搭載されるエンジンは5リットルの排気量を持つV型8気筒のスーパーチャージャー付きである。最高出力は575馬力で、最大トルクは71.4を発生。3.7秒で時速100キロに到達する。
見た目もかなりイカつい。美しいクーペフォルムはそのままだが、フロントバンパーは大きく口を開け、足元には20インチの極太タイヤを備え、それを組み合わせたホイールの奥には巨大なキャリパーが鎮座する。
そして極めつきは、その流麗なルーフラインをブチ壊している!?と、思うほどの存在感を放つ、巨大なリアスポイラーだ。さらにリアバンパーには4本のマフラーが光る。
キルト加工が施されたレザーシートに滑り込み、エンジンスタートボタンを押す。V型8気筒エンジンが「フォン!」と覚醒する。そのボリュームはハンパなく、正直、住宅街ではホントに迷惑すぎ......な音だ。
トランスミッションはZF社製の8速ATだ。Dレンジに入れて走りだすと、その見た目とは裏腹に、予想外の乗り心地のよさであった。
足元の20インチサイズの極太タイヤは路面の荒れたところや段差ではそれなりの衝撃を伴う。しかし基本的にはフラットな乗り味で、普段使いは完全にOK!
だが、アクセルを踏み込んでみると、「ファーン!」といきなりエンジンは元気がよくなり、切れ味鋭く回転を高める。
SVRの駆動方式は4WDなので、余すことなくパワーとトルクを路面へと伝え、この獰猛(どうもう)なクーペを加速させる。まさにリアルなスポーツカーのそれであった。ポルシェ911ターボがライバルといわれているだけに、本物の速さが確かにあった。

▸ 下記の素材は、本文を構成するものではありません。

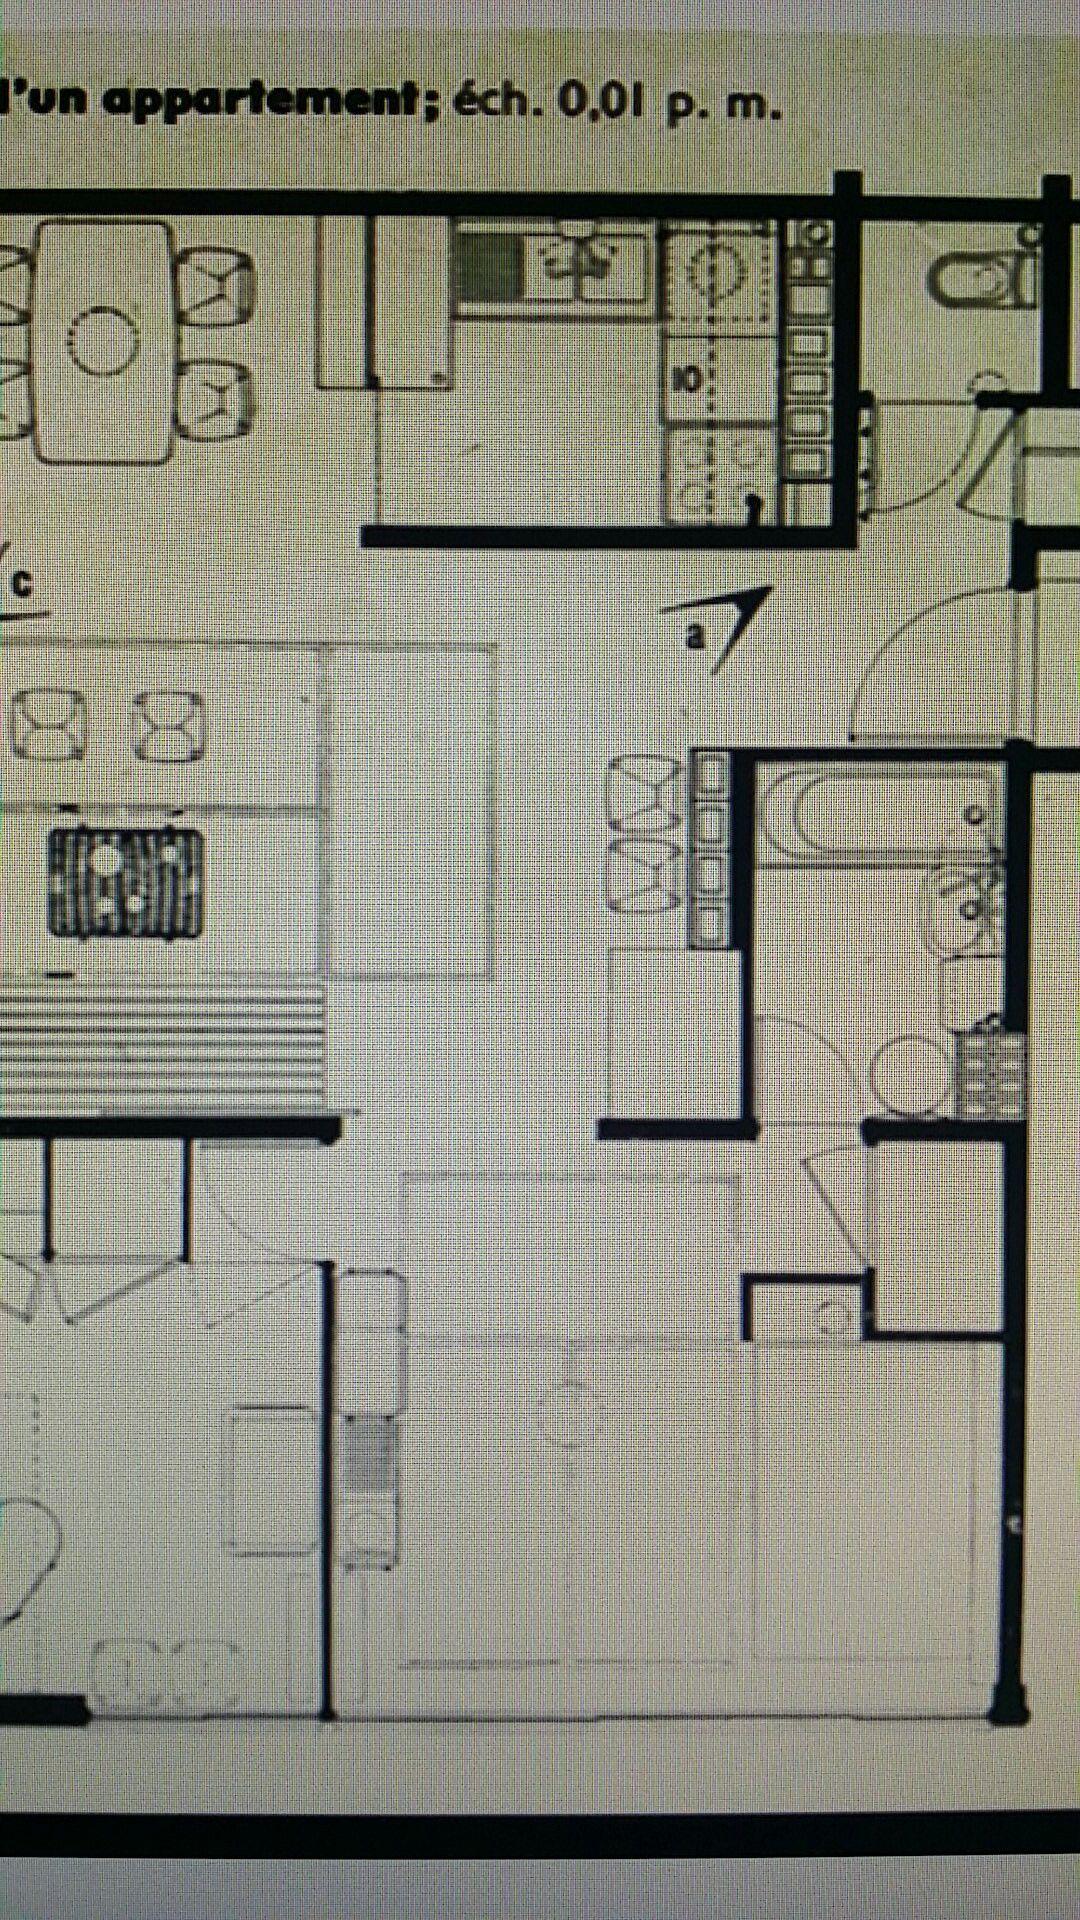 Logement du0027un immeuble collectif Architecture PlanArchitecture Drawing

もちろん、ハンドリングも秀逸で、決して小さくも軽くもないこのボディを気持ちよくコントロールして見事な姿勢をつくり出す。サスペンションの印象はあくまでも車体をこれでもかと路面へ押しつけるタイプではなく、ある程度クルマの動きを出してコントロールするという、実に巧みなハンドリングだ。
ちなみにこのSVRを僕は、1週間くらい試乗したのだが、最初はハイパフォーマンスなモデルだけに、毎日大トロを食べるようなものかと思っていて途中でギブアップするかも、と思っていたが、意外と普段乗りで気持ちがいい上に、乗るほどにクルマがドライバーになじむ感覚があった。しかもエンジンは単にパワフルなだけでなく、普段使いの低中回転でもとっても滑らかに回ってくれたのだ。
ちなみに、このFタイプ、はやりのアダプティブ・クルーズ・コントロールなどは備わらない。が、特に苦はなかった。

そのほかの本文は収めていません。